**WHAT IS EXPECTED**
Find the line below with "Double rainbow, view" and the line with "5e8f339cff0f0 adidas Samba". Output them and the lines between, exactly, but not the pictures.

**EXERCISE MATERIAL**
◇ ◇ ◇ ◇ ◇ ◇ ◇
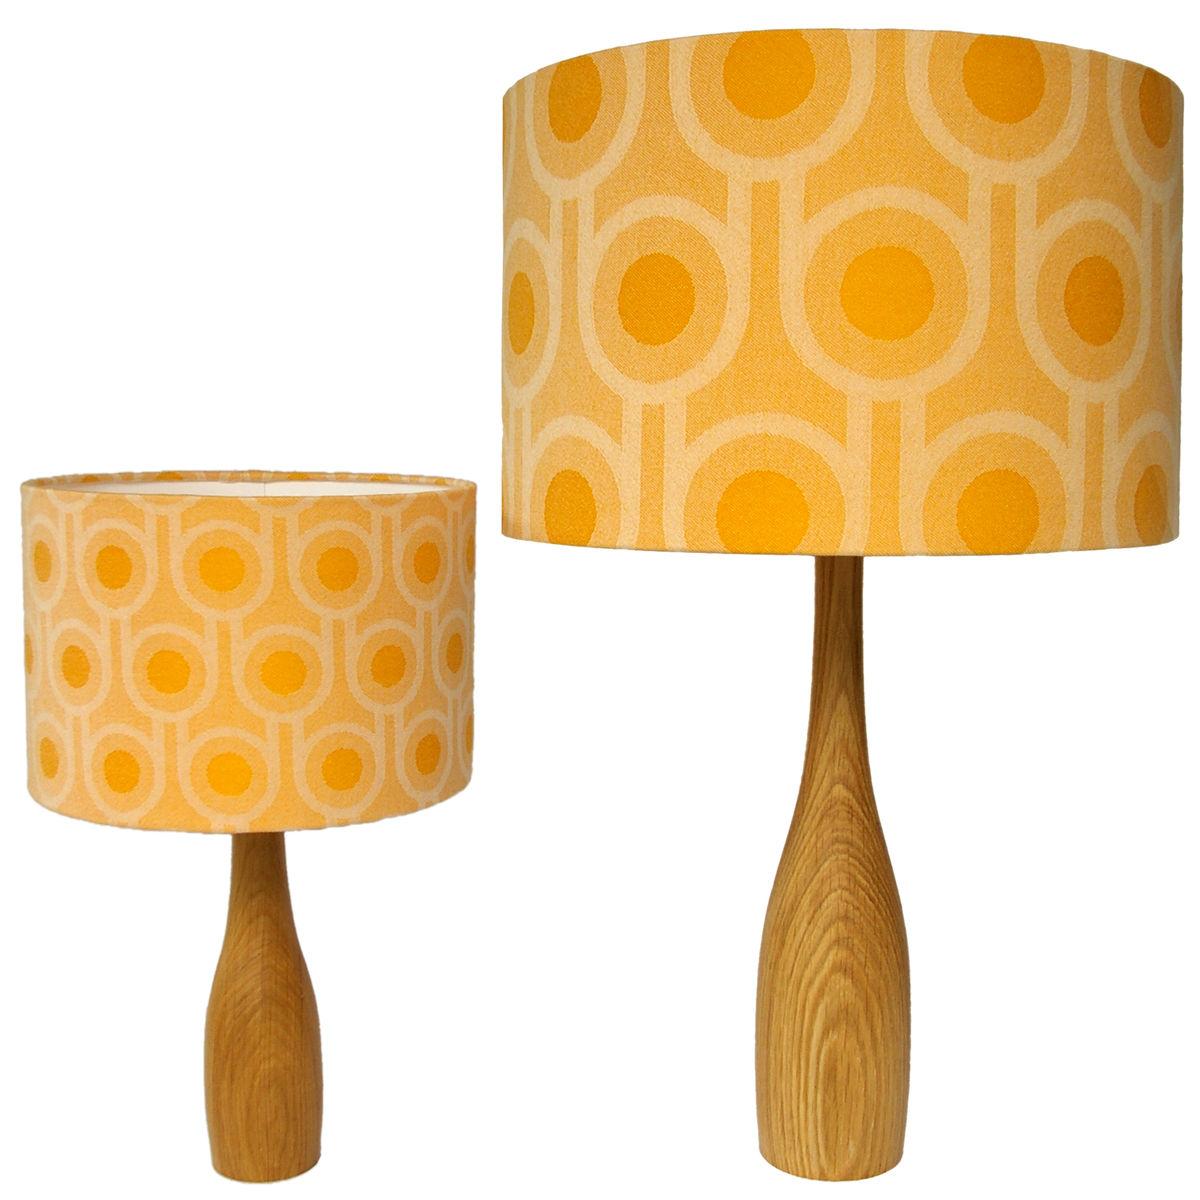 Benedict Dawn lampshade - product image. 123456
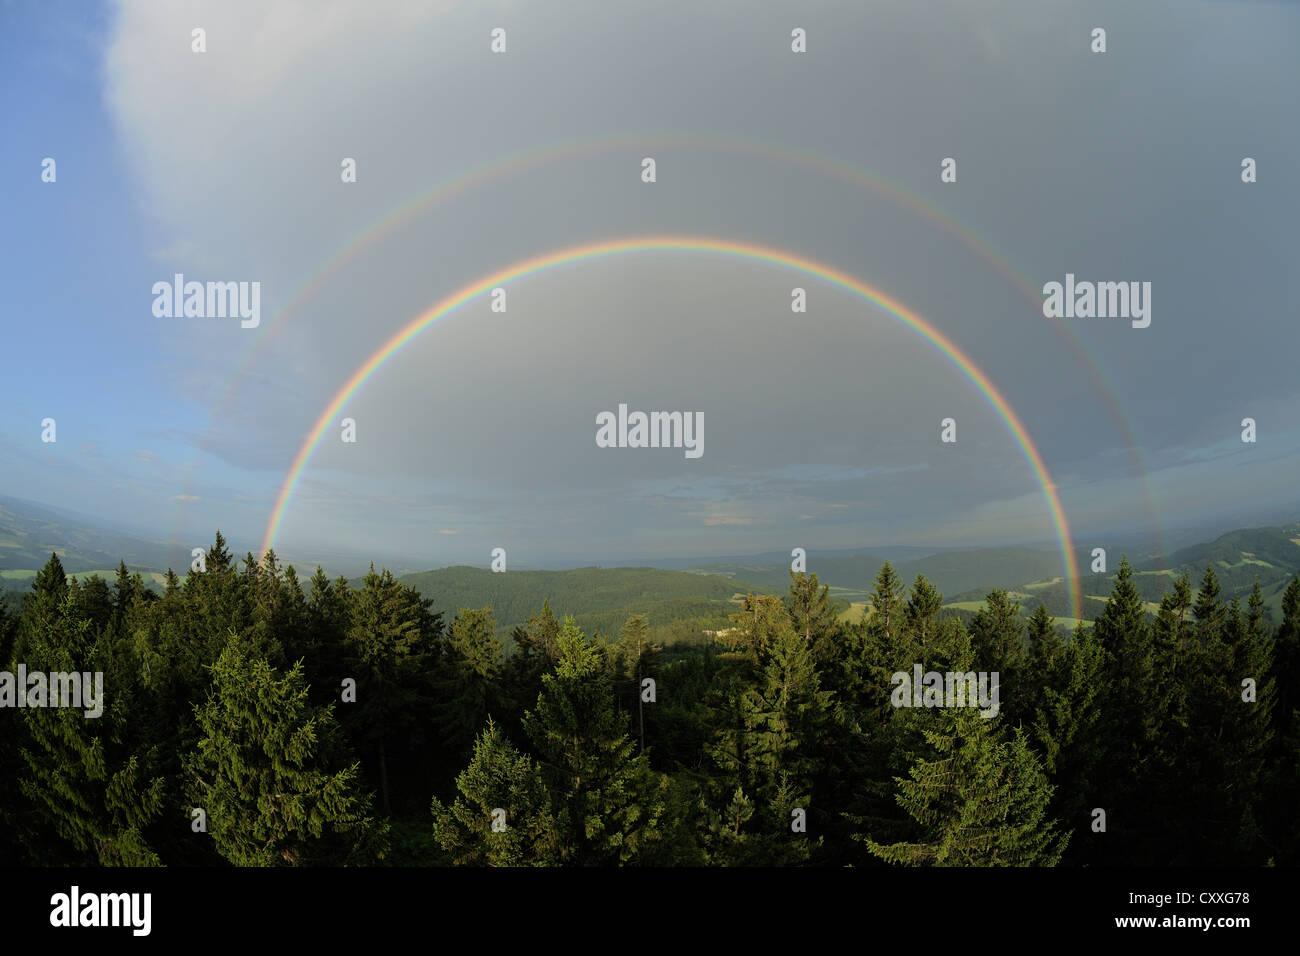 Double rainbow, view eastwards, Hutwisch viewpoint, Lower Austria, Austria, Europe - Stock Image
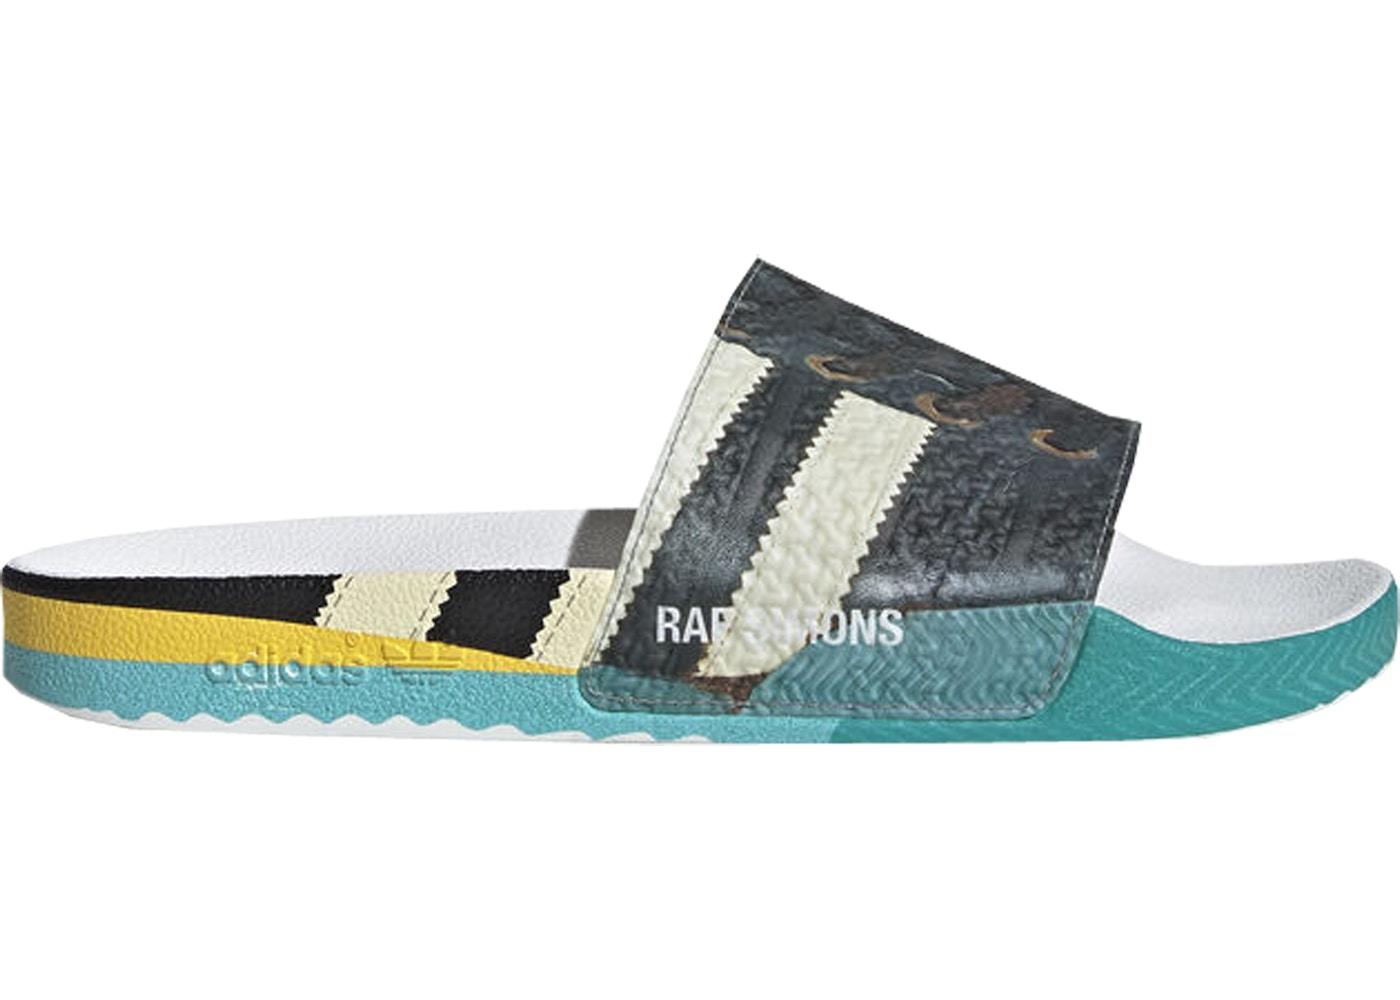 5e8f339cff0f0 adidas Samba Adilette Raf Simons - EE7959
◇ ◇ ◇ ◇ ◇ ◇ ◇
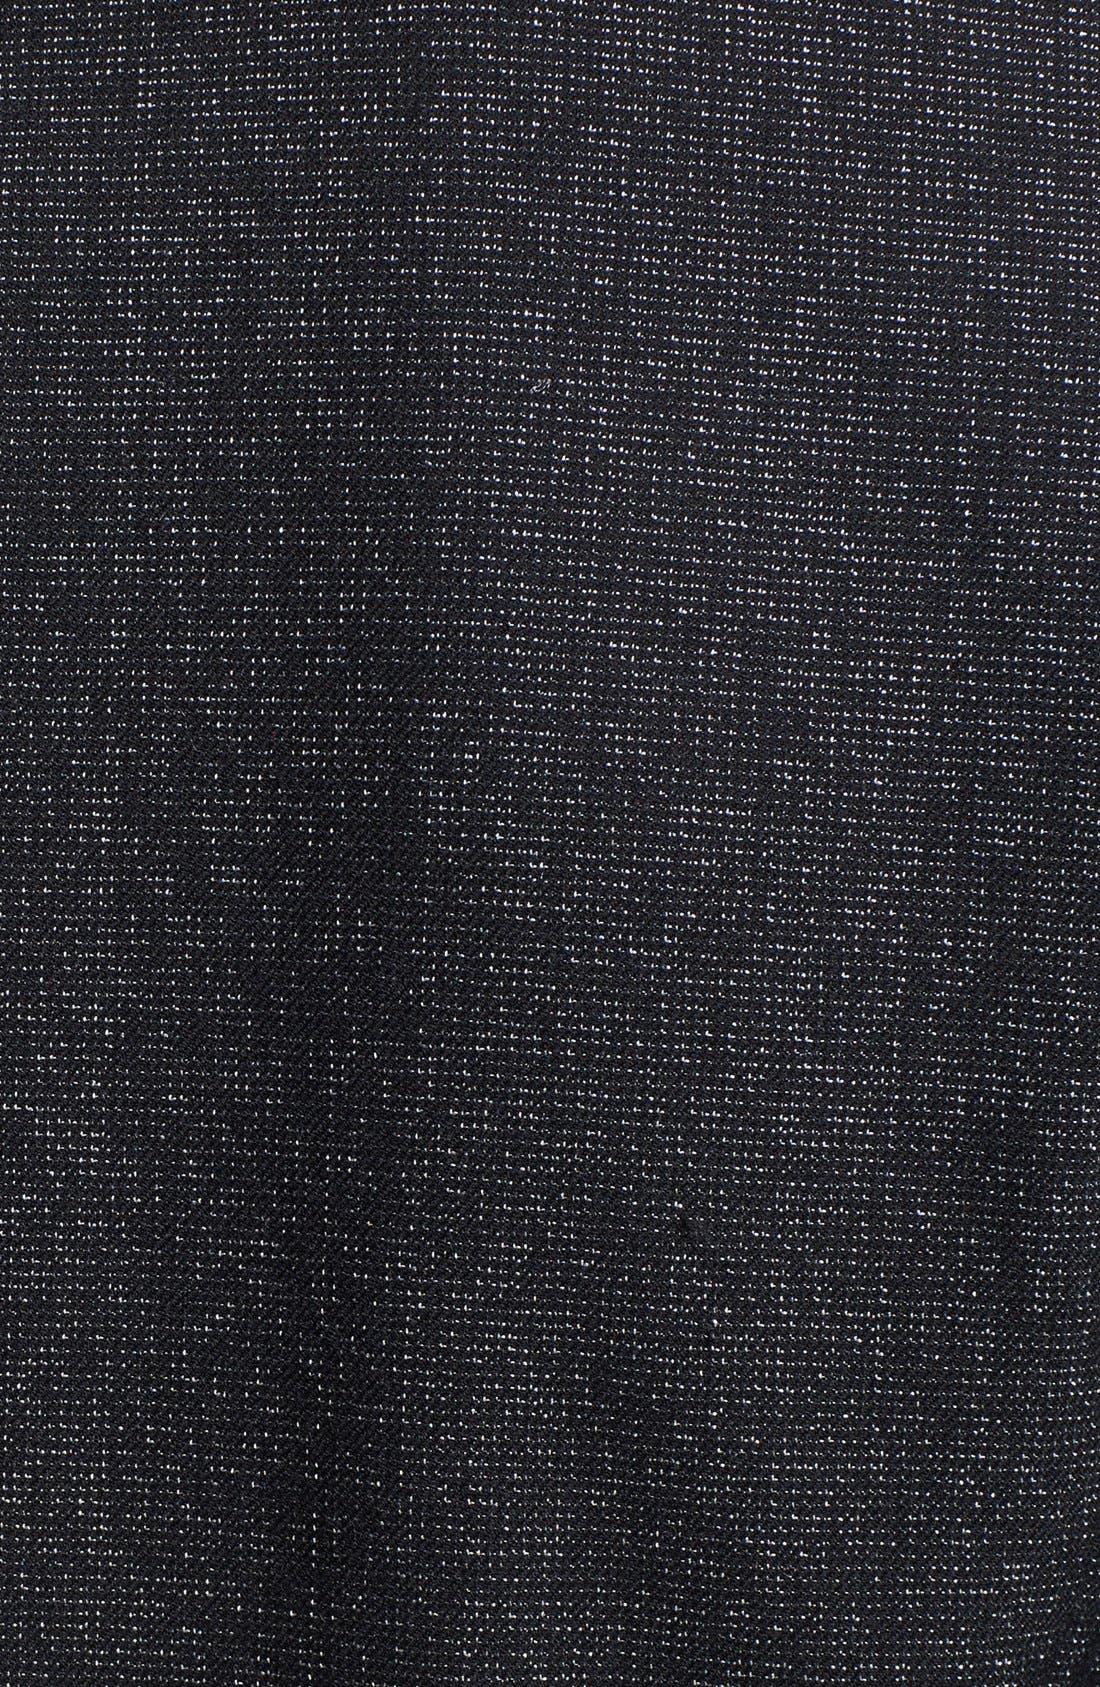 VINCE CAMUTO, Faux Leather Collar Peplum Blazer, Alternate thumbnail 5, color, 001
◇ ◇ ◇ ◇ ◇ ◇ ◇
**RESPONSE FOR THIS EXERCISE**
 Double rainbow, view eastwards, Hutwisch viewpoint, Lower Austria, Austria, Europe - Stock Image
 5e8f339cff0f0 adidas Samba Adilette Raf Simons - EE7959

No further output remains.